Movement, low resolution, light and abstraction, perception, space and memory invade the ‘Jim Campbell. Rhythms of Light’ exhibition, the first retrospective in Spain of the work of one of the most innovative and acclaimed artists in the field of light experimentation.
Movement, low resolution, light and abstraction, perception, space and memory invade the ‘Jim Campbell. Rhythms of Light’ exhibition, the first retrospective in Spain of the work of one of the most innovative and acclaimed artists in the field of light experimentation.
Coinciding with the International Year of Light in 2015, Espacio Fundación Telefónica is exhibiting the work of Jim Campbell, 27 artworks based on a combination of video art and light techniques projected onto ordinary supports such as LEDs, LCDs, monitors and television screens. The US artist and electronic engineer is one of the pioneers in the use of LED light technology to develop interactive installations of great artistic value. Through the manipulation of electronic and computer science, the artist gives us a closer insight into the world of video installations and light sculptures of great visual beauty. LED spheres, pixels, video projectors, frames, electronic circuits and pixelated photographs produce evocative and provocative images that challenge visitors to question their perceptive abilities.

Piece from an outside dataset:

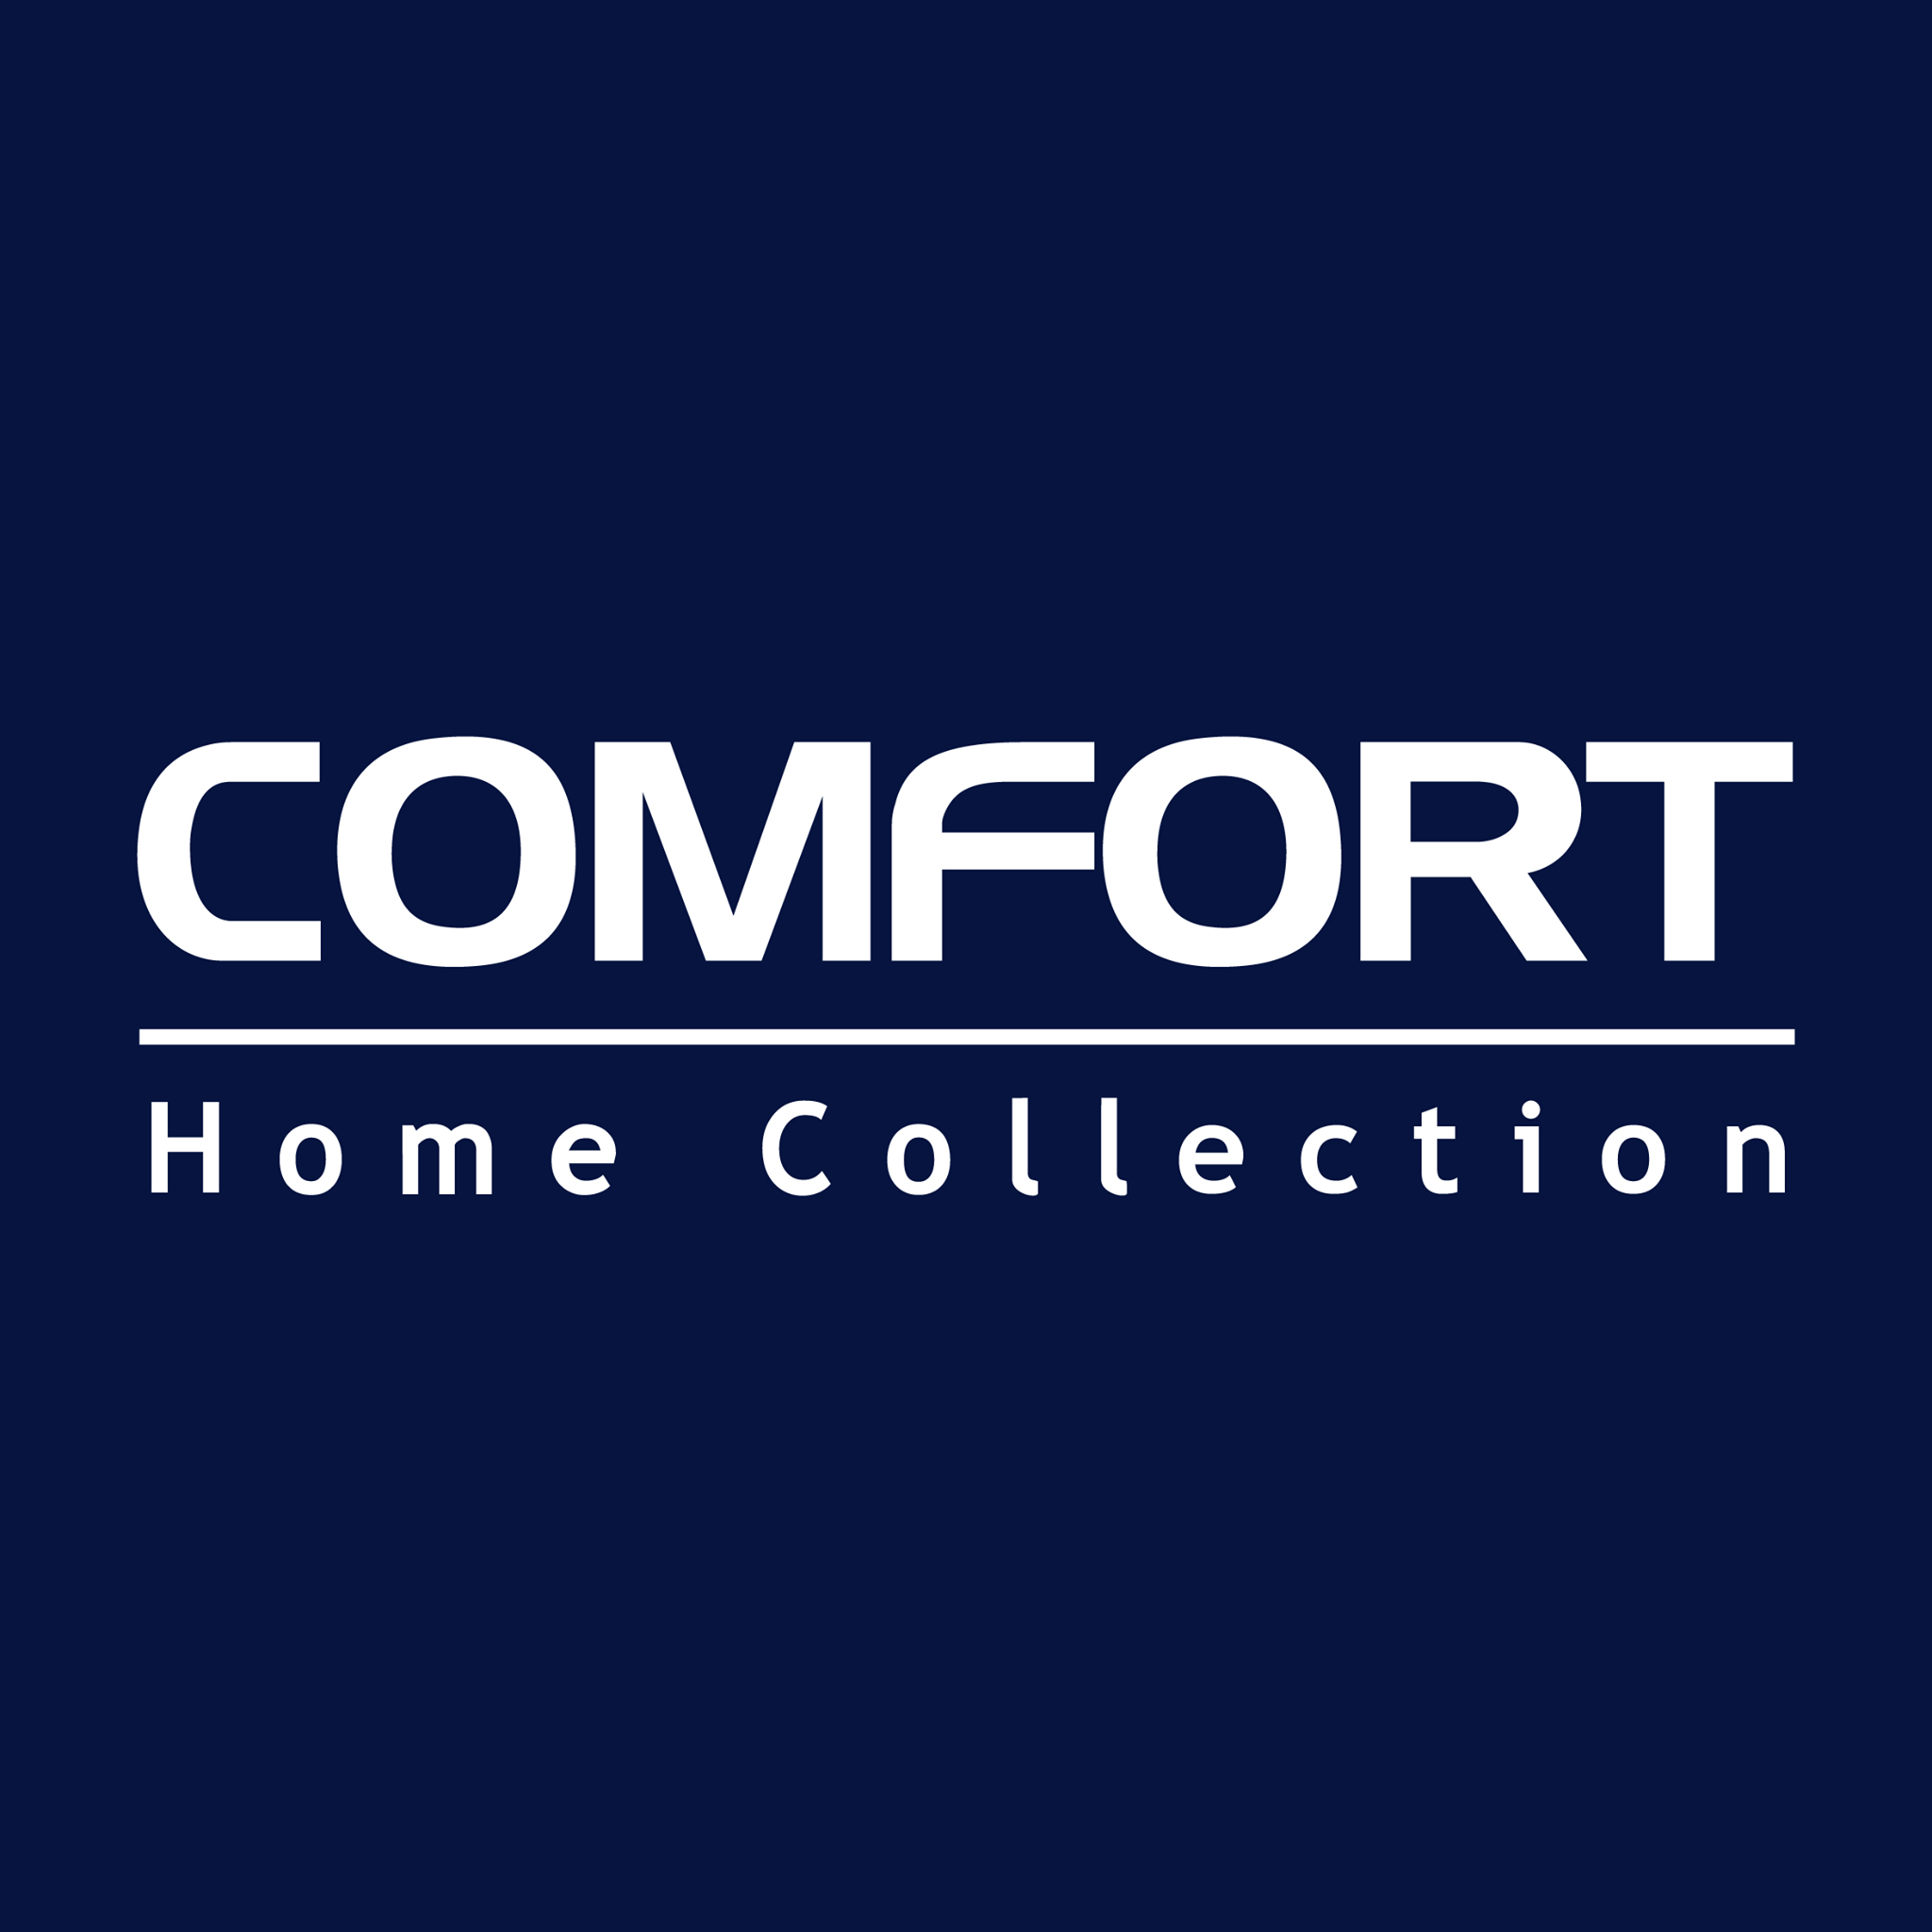 Comfort Home Collection

The exhibition, held in collaboration with Dundee Contemporary Arts in Scotland, includes, in addition to some of his most representative work, his latest creations such as Light Topography (Jane’s Pool), where he uses LEDs to create a topographic relief in low resolution of swimmers which evokes the movement of the waves and the depth of the seas, or Blur, a panel of LEDs which shows an unedited video shot at a minimal resolution of a street scene in New York.
The installation Last Day in the Beginning of March, a work of 26 bulbs which recreates the last day in the life of the artist’s brother, is a highlight of the exhibition. And Exploded View, a 3D constellation with more than 1000 bulbs which show the pattern of workers’ movements, or the Home Movies 1040 series, in which the artist projects a series of frames from low-resolution home videos obtained on eBay onto a screen of LEDs, are examples of his low-resolution works.
Space and its perception in Campbell’s work
In his work, Campbell plays with the manipulation of space and reflects on the way in which human beings process and interpret visual information. He usually reduces the number of constituent elements of images (pixels) to a minimum, taking them to the limits of visual coherence, blurring our logical system of categorization and order. This is Heisenberg’s uncertainty principle (the position and linear moment [momentum] of a given object cannot be determined in terms of quantum physics, simultaneously and with arbitrary precision), a feature of several of his works.
“The more you try to observe something […] the more you affect it […] The more information you try to obtain from something, the less you will obtain,” in the artist’s own words. Campbell at times uses filters and diffusion screens placed in front of his LED images to “make them more understandable”, more figurative to the viewer. Campbell believes that “we learn how to observe these images by looking at them.” A luminescent interpretation of the traditional game of mirrors.
The process of “seeing” is a reconstruction of the brain, a recomposition based on snippets of information which run on different circuits. When we look, what we see depends hugely on the context; there are no perceptions in absolute terms. By depriving his images of the necessary environmental references, our synapses are interrupted, causing an effect similar to weightlessness in our brains. A textual vacuum which Campbell exploits to explore mental and sensory reactions and to provide new dimensions to the kinetic effects which can be achieved through the manipulation of electronic systems.
Light Artist
Jim Campbell (b. Chicago, 1956) graduated in Electrical Engineering and Mathematics from the Massachusetts Institute of Technology (MIT), and is a pioneer in the field of digital transformation of data in works of an artistic nature crossed with contemporary art, science and technology.
With a long track record as a filmmaker, from 1988 he merged his scientific knowledge with his artistic leanings to create what he would call “custom-made electronics”, individually designed for each artistic creation.
He currently lives and works in San Francisco, California and his work is included in the collections of the Metropolitan Museum of Art, the Whitney Museum of American Art, the Museum of Modern Art in New York, the Smithsonian in Washington D.C, the San Francisco Museum of Modern Art, the Cincinnati Art Museum and the Berkeley Art Museum, amongst other cultural institutions.
Fundación Telefónica, in collaboration with Dundee Contemporary Arts, is publishing a catalogue to accompany the exhibition which will include a description of the artworks, images of recently-created pieces published for the first time, text by the curator and two essays, one by Darran Anderson (editor of Studio International magazine) and the other by Michael Connolly (Artistic Director of Rhizone in New York). In addition to the catalogue, there is an image recognition app to enable users to see videos from a selection of ten works accessed by simply placing the camera viewfinder on the printed image.